STANFORD Partsongs, Pastorals and Folksongs

Record and Artist Details

Genre:

Vocal

Label: Coro

Media Format: CD or Download

Media Runtime: 76

Mastering:

DDD

Catalogue Number: COR16207

COR16207. STANFORD Partsongs, Pastorals and Folksongs

Tracks:

Composition Artist Credit
Six Irish Folksongs Charles Villiers Stanford, Composer
(The) Sixteen
Harry Christophers, Conductor
Eight Partsongs Charles Villiers Stanford, Composer
(The) Sixteen
Harry Christophers, Conductor
6 Elizabethan Pastorals Charles Villiers Stanford, Composer
(The) Sixteen
Harry Christophers, Conductor
9 Irish Folksongs Charles Villiers Stanford, Composer
(The) Sixteen
Harry Christophers, Conductor
(30) Irish Songs and Ballads, Movement: Londonderry Air (The Irish lover) Charles Villiers Stanford, Composer
(The) Sixteen
Harry Christophers, Conductor

These artists have already served notice of their commitment to this exquisitely wrought repertoire with an uncommonly beautiful recording (10/23) of Stanford’s Op 119 set of Eight Part-Songs – by far the best known of which remains the indestructibly lovely ‘The Blue Bird’. Now they lavish their superlative skills on its companion collection (also composed in 1910) of Eight Part-Songs, Op 127 – once again, all settings of posthumously published poetry by Mary Elizabeth Coleridge (1861-1907), of which only three (‘Veneta’, ‘When Mary thro’ the garden went’ and the extraordinarily intense ‘The Haven’) have previously appeared on disc. Who could resist the achingly tender ‘Plighted’ (a love poem also chosen by Parry in Set 9 of his English Lyrics), exultant ‘To a tree’ (in a gloriously opulent D flat major) or the narrative flair of ‘The Guest’ and ‘Wilderspin’?

Stanford left us three sets of Six Elizabethan Pastorals, the earliest of which was completed in August 1892 and bears a dedication to his RCM colleague Walter Parratt (co-director of the Windsor and Eton Amateur and Madrigal Choral Societies). Responding to the craze for a cappella singing ignited by the formation (in 1886) of Lionel Benson’s Magpie Minstrels, and employing 16th-century texts previously set by both John Dowland and Francis Pilkington, it comprises a captivatingly idiomatic and diverse sequence, the part-writing memorably assured.

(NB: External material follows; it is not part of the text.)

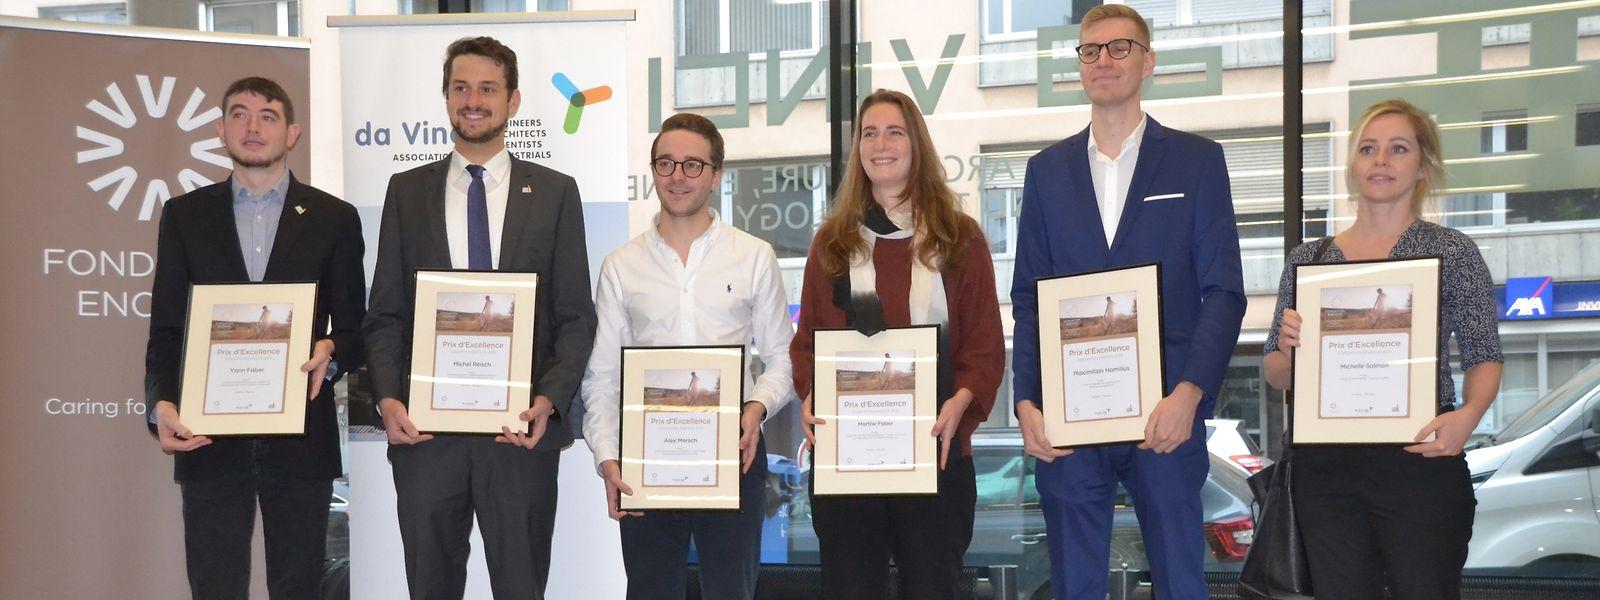 """Die sechs Preisträger des diesjährigen """"Prix d'excellence"""" der Stiftung Enovos."""
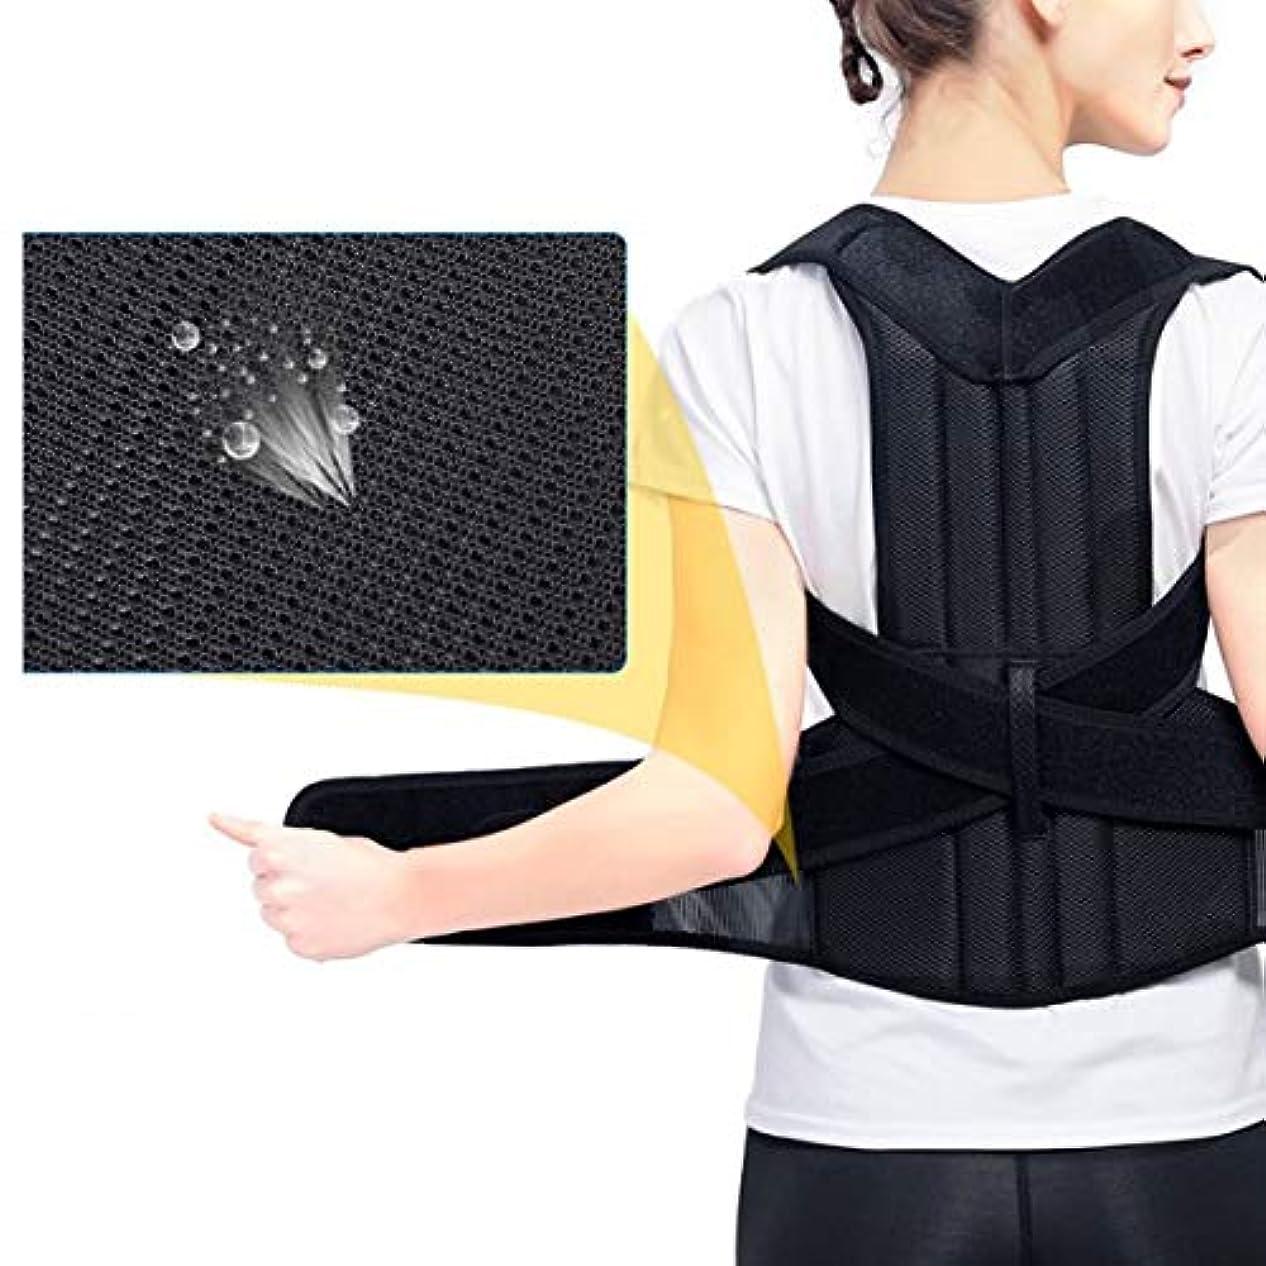 用心しつけ強化腰椎矯正バックブレース背骨装具側弯症腰椎サポート脊椎湾曲装具固定用姿勢 - 黒

Try the alluring ‘Corydon, arise!’ and vernally fresh ‘Diaphenia’ (both from Englands Helicon, first published in 1600).

Inspiration likewise runs high in the Op 78 Six Irish Folk Songs from 1901, taken from the 1894 anthology entitled The Irish Melodies of Thomas Moore, the Original Airs Restored for Voice. Stanford characteristically ensures that all four voices in these SATB arrangements receive their fair share of the thematic limelight, and there’s plenty of stylistic and emotional variety, too. Four of the tunes that feature in the previously unrecorded Nine Irish Folk Songs – its manuscript undated, but almost certainly written in Stanford’s final years – are also drawn from Moore’s Melodies, while the remaining five emanate from Songs of Old Ireland (published in 1882, with texts by Albert Perceval Graves), not least the gorgeous ‘When she answered me’ (a favourite of that great Irish baritone Harry Plunket Greene). There are also a couple of melodies – the stirring ‘Awake, awake, Fianna’ and heartfelt ‘Silence is in our festal halls’ – that Stanford enthusiasts will recognise from their inclusion in the orchestral Second and Fifth Irish Rhapsodies from 1903 and 1917 respectively. Coro’s generous programme concludes with Emer’s Farewell to Cucullain, an arrangement for SATB from 1923 to the tune of our old friend, the Londonderry Air.

Prospective listeners can rest easy that everything has been captured by the microphones with breathtaking naturalness. In addition to Jeremy Dibble’s personable and scholarly annotation, the booklet contains full texts and some introductory remarks by The Sixteen’s founder and director, Harry Christophers, who contributes some perceptive observations about Stanford’s exceptional gifts and the project as a whole (‘the experience was amazingly rewarding and beautifully refreshing’). Make no mistake, this is an outstanding album.